Rams Cowboys Football

Dallas Cowboys quarterback Dak Prescott (4) talks with referee Walt Anderson (66) in the first quarter of an NFL football game against the Los Angeles Rams in Arlington, Texas, Sunday, Dec. 15, 2019. (AP Photo/Michael Ainsworth)

AP

It turns out Sunday’s game at AT&T Stadium was not a flip of the coin. Dak Prescott threw for 212 yards and two touchdowns, and the Cowboys rolled to a 44-21 victory over the Rames.

Things got off to an inauspicious start for the Cowboys, though, when Walt Anderson heard Prescott say the Cowboys wanted to kickoff after winning the coin toss.

“Definitely a weird start,” Prescott said. “We wanted to set adversity there instead of on the field, so we could play from behind immediately. Just bad use of words by me. We listened to the audio. We got it figured out. Just wasn’t the cleanest coin flip I’ve been a part of.”

Coin toss controversies have happened in the NFL previously, most notably when Jerome Bettis called tails and referee Phil Luckett insisted after the Thanksgiving 1998 overtime coin flip landed tails that Bettis called heads.

But Prescott clearly said the Cowboys wanted to kickoff, and, when asked again by Anderson if he was sure, Prescott repeated his option. Prescott, though, already had said defer and didn’t know Anderson hadn’t heard him.

Prescott admits he said “a little bit of everything.”

Defensive end DeMarcus Lawrence took the blame for the near miscue, saying it was his decision to defer because he wanted the Cowboys defense on the field first.

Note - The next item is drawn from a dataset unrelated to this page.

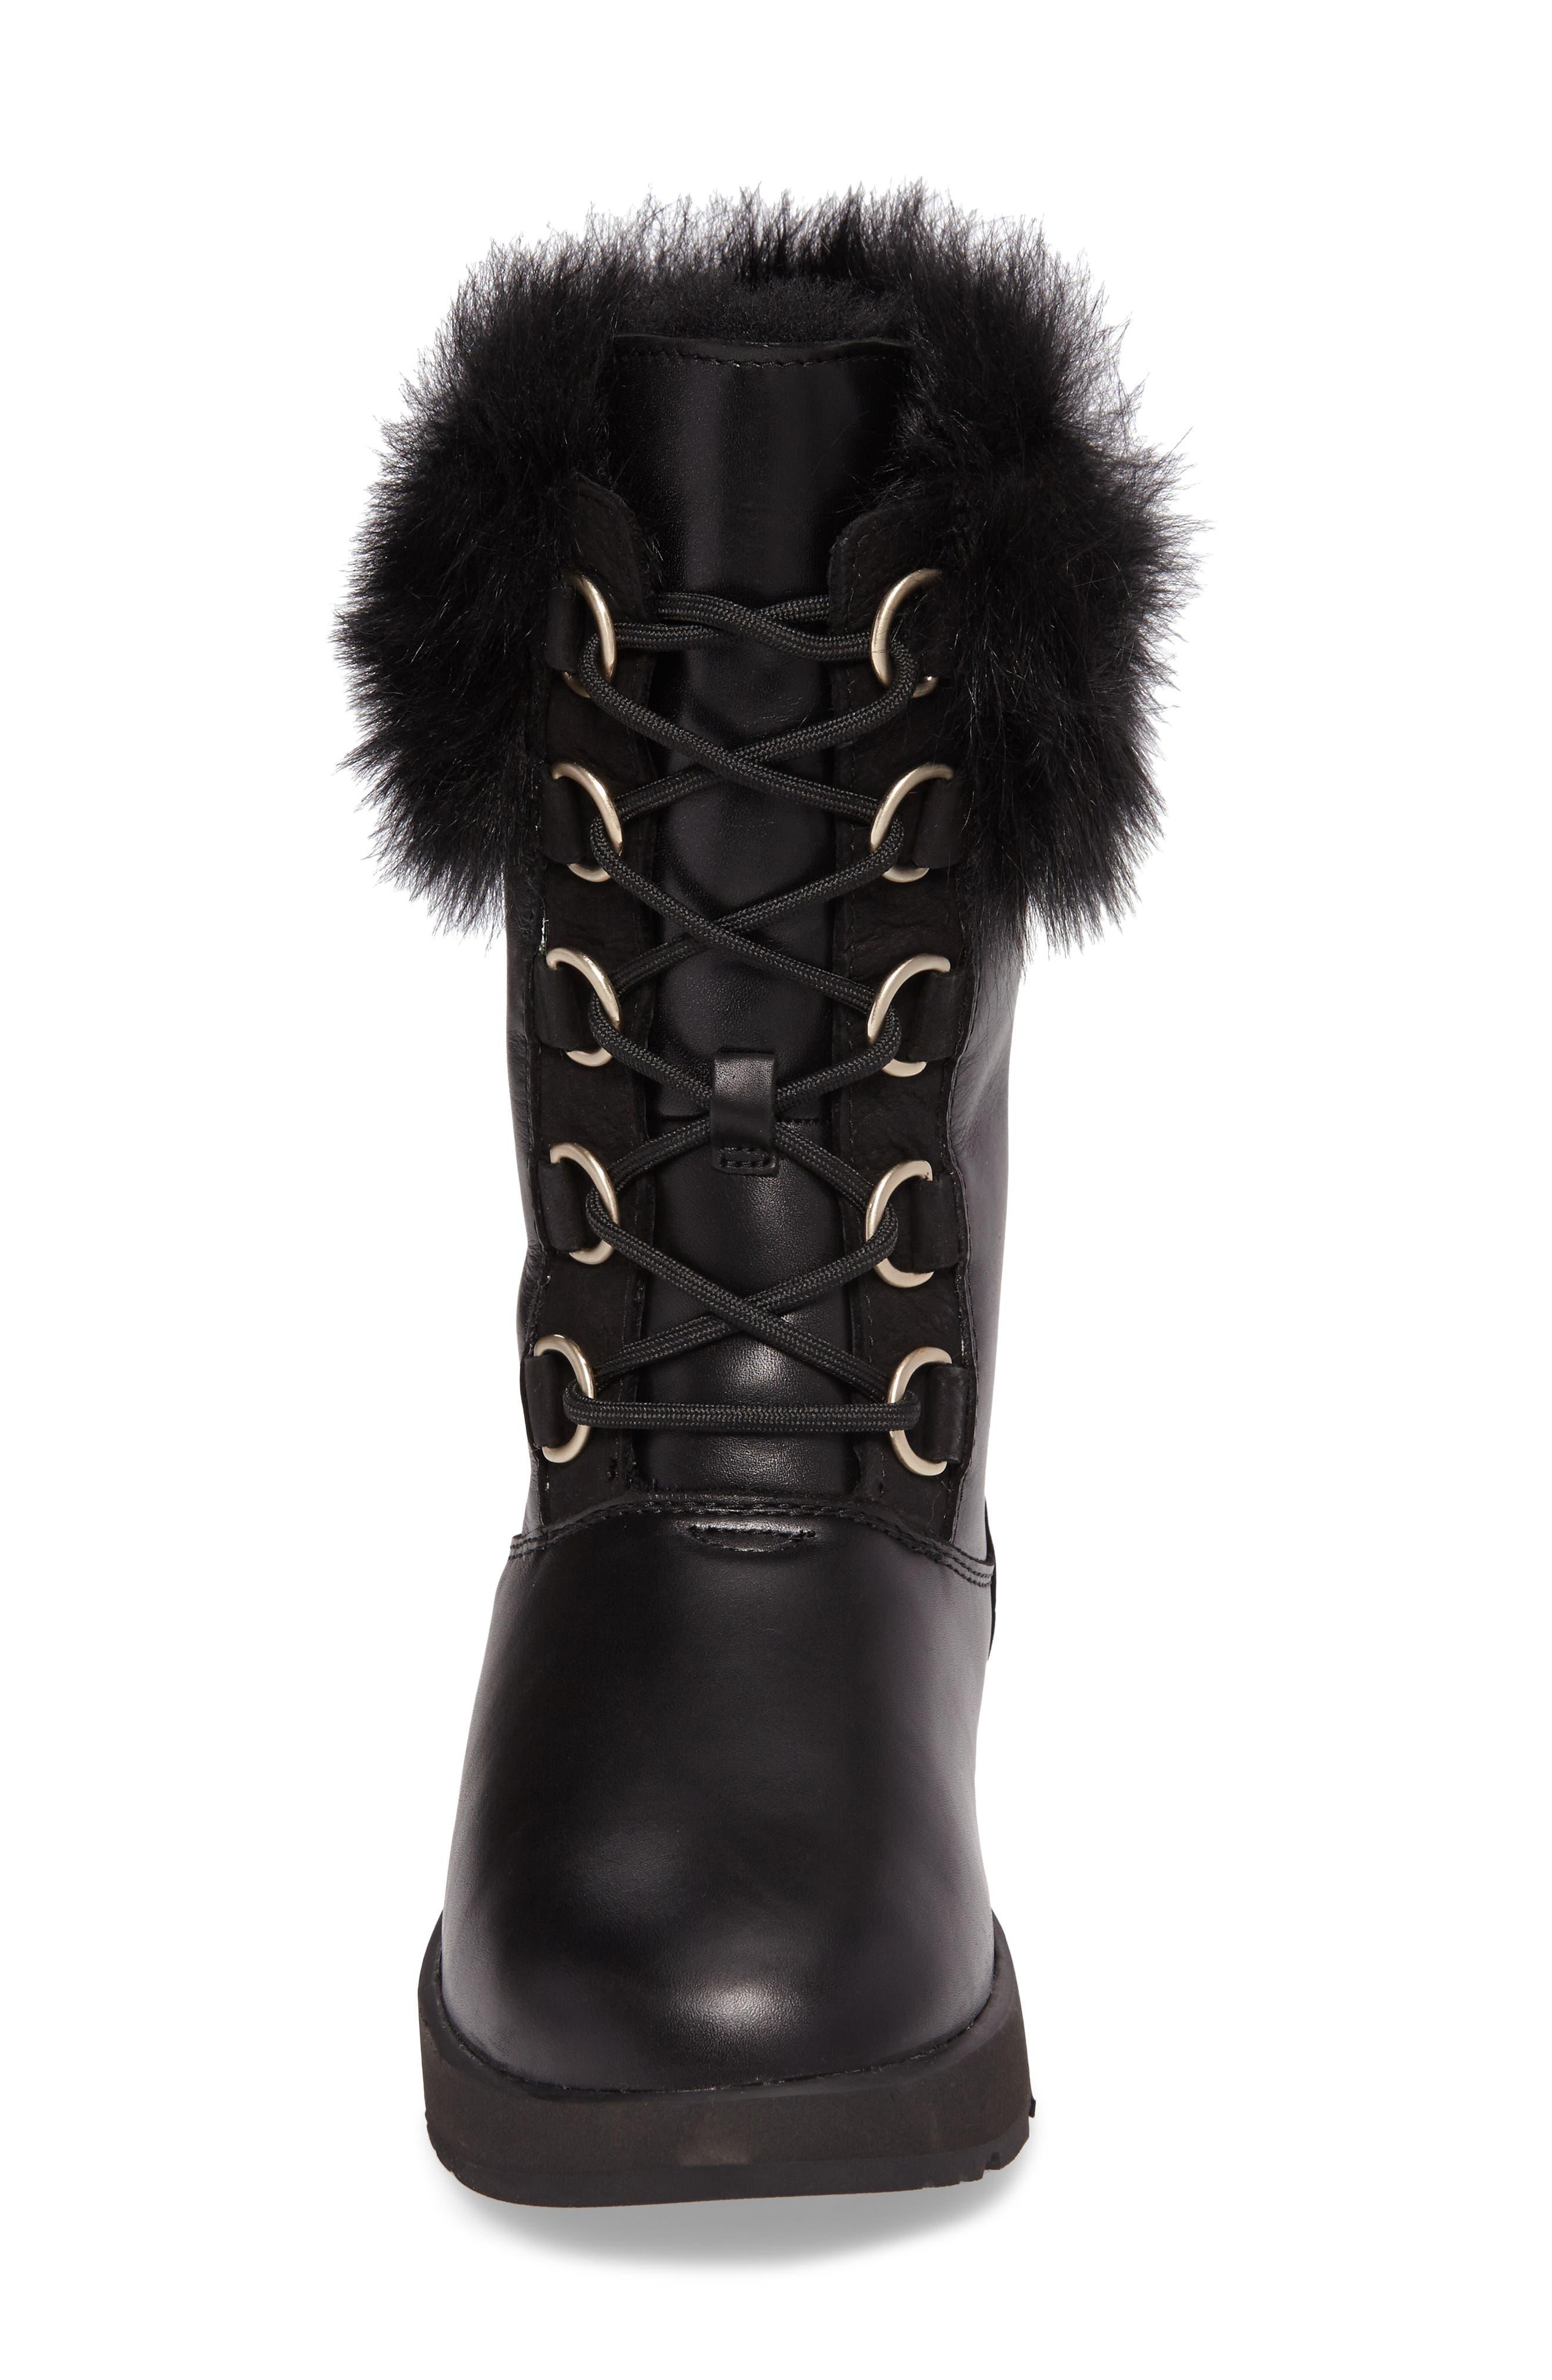 Aya Waterproof Snow Boot,                             Alternate thumbnail 4, color,                             001

“We was gonna receive the ball, but I wanted to defer,” Lawrence said. “But once you said kick, that means you’re kicking off and you got to kick off the second half? I don’t know. We was supposed to say defer. That was the little confusion, but it’s all good.”

The situation was resolved by the league office at halftime when game officials consulted with the NFL’s supervisor of officiating, Al Riveron. The Cowboys kicked off to open the game and, leading 28-7 at halftime, received to open the second half.

“Yeah, Dak told me he used the word ‘defer’ out there, so we felt like we had a case there,” Cowboys coach Jason Garrett said. “But they needed to kind of hear it. I actually was coming into the locker room when [Fox sideline reporter] Erin Andrews made me aware that there was some audio they were going to refer back to.”

Riveron made the decision, using Rule 15, Section 3, Article 9, which said that officials can use replay for game administration issues.

“If you look at what happened, you see that the Cowboys actually say three different things, and then we hear at the end where they say, ‘defer,’” Riveron said in a pool report. “So we go ahead and look at it. We pulled up the audio. We knew that I was going to have a conversation with Walt Anderson at halftime to make it right.”

In the end, it didn’t matter. But Cowboys owner Jerry Jones joked that he is firing Prescott from ever calling the coin flip again.